By Emma Reilly
Editor-in-Chief
Incoming Director of the Center for Environment and Society Dr. Valerie Imbruce, who officially takes on her new role on Feb. 1, is looking forward to collaborating with students and faculty to achieve Washington College’s goals for curricular development, extracurricular programming, and sustainability.
As an undergraduate, Dr. Imbruce studied environmental science at Binghamton University.
According to Dr. Imbruce, she became interested in pursuing a graduate degree after studying abroad in Ecuador her senior year.
“It was so humid. We hardly saw the sun and it rained every day, but it was the most blissful period of my life,” Dr. Imbruce said.
Dr. Imbruce received her PhD from the City University of New York, where she participated in a collaborative program with the New York Botanical Garden. Her dissertation focused on food systems.
“Food is what I organize my days around,” Dr. Imbruce said. “From cooking, to shopping, to reading recipes…that family culture that I came from and now cultivate in my own home also became a part of my intellectual interests.”
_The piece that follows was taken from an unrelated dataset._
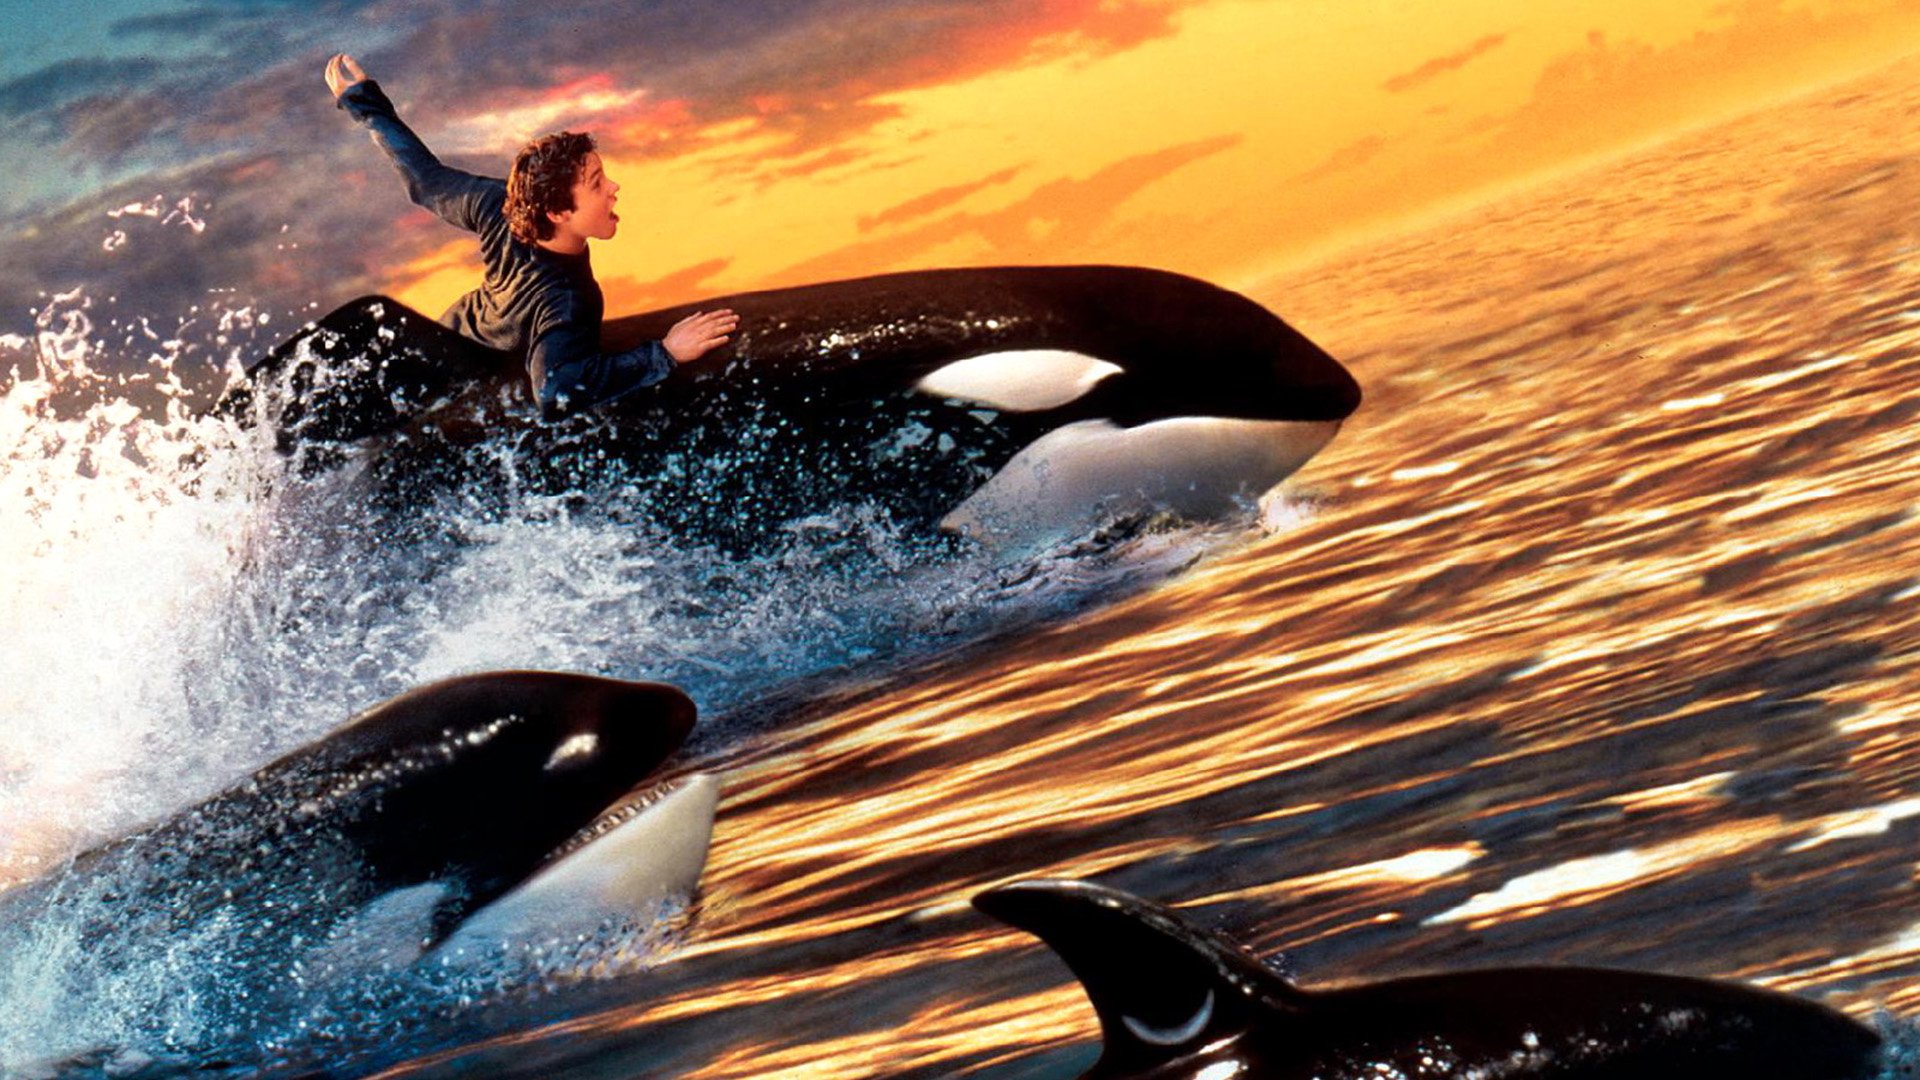 Free Willy 2 The Adventure Home HD Wallpapers and Backgrounds

Dr. Imbruce’s interest in food systems will translate to the new initiatives CES faculty are working to implement.
According to River and Field Campus Director and Associate Director of CES Programs and Staff Michael Hardesty, CES is looking to start a student farm at RAFC with the goal of offering students “hands-on opportunities to grow food for our dining hall and community.”
Hardesty, along with Geographic Information Systems Program Director and Lecturer in Anthropology Erica McMaster, Provost and Dean Dr. Michael Harvey, and representatives of the student body, faculty, and Board of Visitors and Governors were involved in the hiring process.
“It was a very collaborative process and we gelled well as a team,” Hardesty said. “We had a chance to really look ahead and see what CES needs for the future and we had a great consensus.”
According to Dr. Harvey, Dr. Imbruce values interdisciplinary approaches and undergraduate research opportunities — two qualities that keyed the selection committee into the fact that she would be a good fit for CES.
“John Seidel, the outgoing director, has just been amazing in his 15 years, just building CES up into one of the most remarkable programs at the College,” Dr. Harvey said. “It was very important to hire someone with a focus on supporting student research…that was one of the reasons Dr. Imbruce rose to the forefront.”
According to an announcement posted by WC upon hiring Dr. Imbruce, she has experience as a lecturer, faculty member, department leader, and center director.
Dr. Imbruce “served as Director of the External Scholarships and Undergraduate Research Center and as an affiliated faculty member in environmental studies” at Binghamton, the announcement said. “Before joining Binghamton, Imbruce served as a faculty member and director of environmental studies at Bennington College.”
At Bennington, Imbruce was able to get a feel for liberal arts teaching and learning.
“I’m a product of large public universities…but I got my first faculty teaching position at a small liberal arts school. It was an institutional and cultural shift but that’s the teaching I was drawn to,” Dr. Imbruce said.
Once she returned to Binghamton, Dr. Imbruce sought to apply the philosophies and practices of liberal arts education to the large, public university.
“It’s always been really important to me to really shape the institutional structures and opportunities in which I work,” Dr. Imbruce said.
Dr. Imbruce was able to achieve this goal through her work as a part of the Binghamton Transdisciplinary Areas of Excellence Initiative.
According to Dr. Imbruce, she developed an interdisciplinary course that “teaches the chemistry and physics of light, color, and materials through narratives, histories, and social contingencies” while collaborating with physicists, curators, archeologists, art historians, and designers.
Dr. Imbruce will carry on teaching at WC, particularly archeology and anthropology courses as they relate to her research areas.
According to Dr. Imbruce, in addition to “building bridges between CES and WC’s academic departments,” she hopes to hear from those who weren’t engaged in the interview process, mainly students.
“What would it look like for every student to have some kind of experience through CES, whether it’s curricular, co-curricular, an internship, or just social?” Dr. Imbruce said when considering her priorities as incoming director.
According to Hardesty, McMaster, and Dr. Imbruce, research opportunities, internships, fellowships, summer programs, teaching and learning initiatives, and recreation and wellness programs are all potential points of expansion for CES in the years to come.
Photo by Grace Hazlehurst
Photo Caption: Dr. Valerie Imbruce will officially join the Washington College staff next month.